The use of Atophan is proposed “In Influenza (Grippe) for the ready alleviation of the respiratory congestion, pain and stiffness of limbs and back.” Probably the entire claim is without warrant, since influenza is a self-limited disease. Atophan might relieve pain in the joints, reduce the fever, etc., but at the same time it would tend to impair the functional efficiency of the heart, which may be impaired already by the disease. Cardiac failure is one of the causes of death in influenza. The recommendation for “alleviating respiratory congestion” is certainly without warrant, since in actual trial in pulmonary congestion by Magnus et al., Atophan was found to be deleterious and not beneficial. Phosgenized cats are probably as good a test object for the alleged decongestive action of Atophan as anything could be, since, according to Underhill and Ringer (J. A. M. A. 75:1531, 1920) the pathological physiology of the circulation and respiration in phosgene poisoning and influenza are nearly identical.

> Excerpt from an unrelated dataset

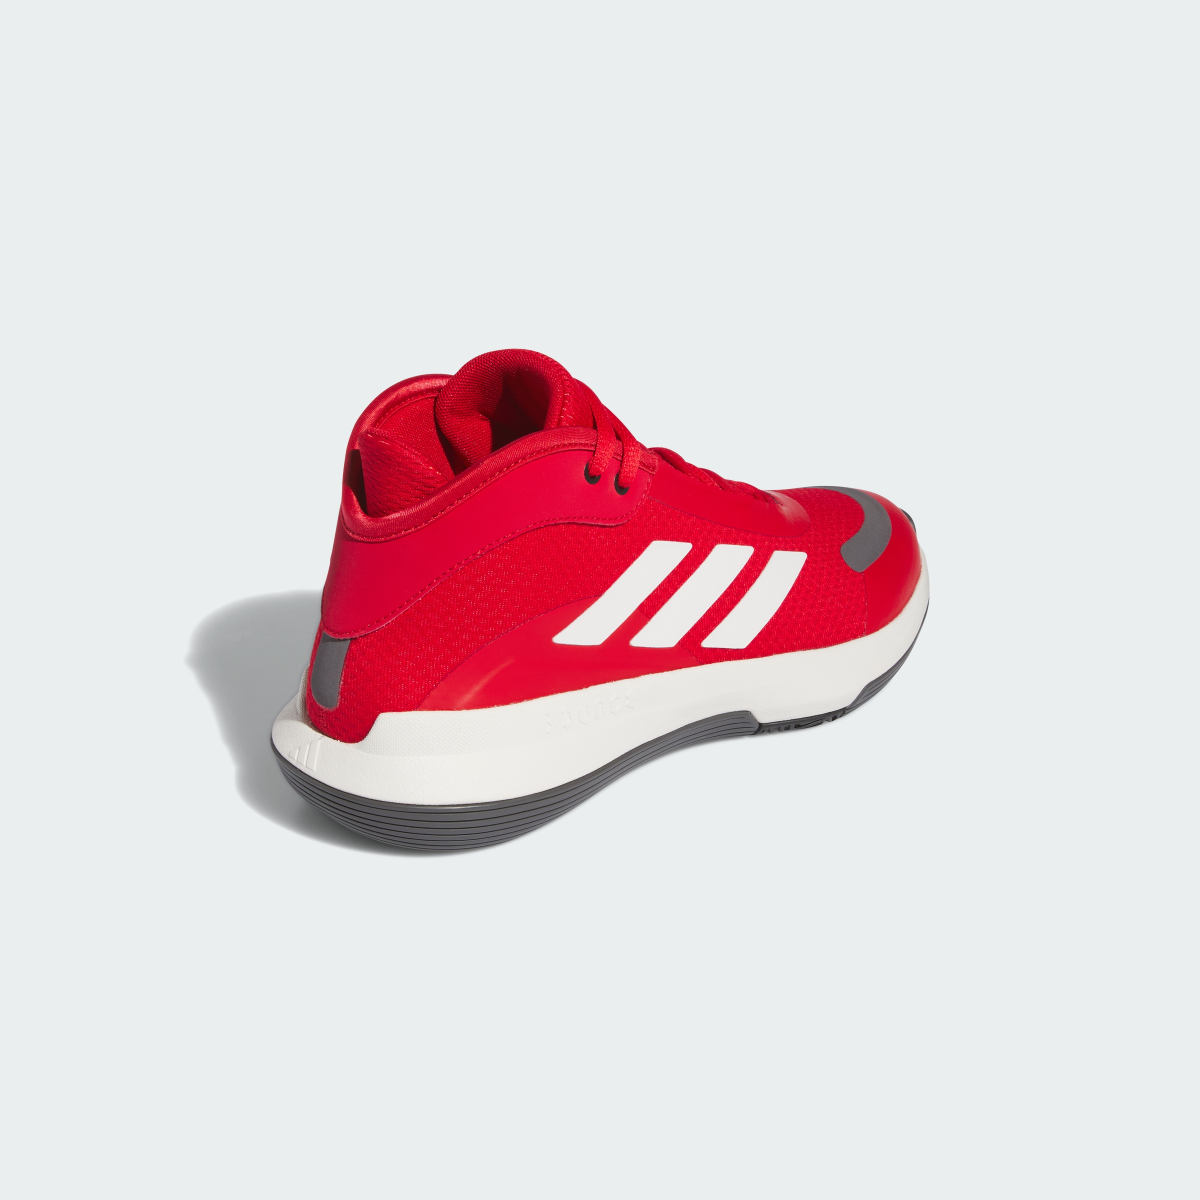 Adidas Bounce Legends Low Basketball Shoes. 8

Further, Atophan is recommended “In Pyorrhea Alveolaris as a systemic support to local and specific measures.” Atophan is not indicated here. Pyorrhea requires local medication, if anything at all. It could exert no local beneficial effects in this condition; indeed, the employment of Atophan might lead to irritation. Good dental treatment is more essential than medication.
Finally, Schering and Glatz advise Atophan “In Eczema, Pruritus and similar irritant and itching Skin Diseases with lowered blood alkalinity.” The assumption that blood alkalinity is lowered in irritant and itching disease is unsupported by evidence in medical literature and the recommendation is incorrect and misleading. Neither does Atophan alter the reaction of the blood. Amelioration in these capricious conditions occurs without medication so that any relief that might be obtained could not be attributed to Atophan. The entire paragraph is misleading and will undoubtedly tend to extend the use of Atophan in conditions for which it is not suited.—(From Reports of Council on Pharmacy and Chemistry, 1921, p. 8.)
UROTROPIN OMITTED FROM N. N. R.
Report of the Council on Pharmacy and Chemistry
Urotropin is a proprietary name applied to the substance which is known in chemical literature as hexamethylenetetramin and which is designated hexamethylenamine in the U. S. Pharmacopeia. The Council has authorized publication of the following report explaining that Urotropin was omitted from New and Nonofficial Remedies because Schering & Glatz, Inc. (the firm that markets this brand of hexamethylenamin in the United States), refused to place the U. S. Pharmacopeia name Hexamethylenamine (hexamethylenamina) on the label and in its advertising so as to make clear to physicians the identity of the product, and, furthermore, because it was sold under therapeutic claims which the Council held unwarranted.
W. A. Puckner, Secretary.
Commercial History of Hexamethylenamin
This substance which is generally referred to in chemical literature as hexamethylenetetramin, the cyclic condensation product of formaldehyd and ammonia, appears to have been described first in 1860 (Butlerow: Ann. d. Chem. 115:322, 1860). Subsequently, numerous references to the preparation, properties and constitution of the substance appeared in chemical literature.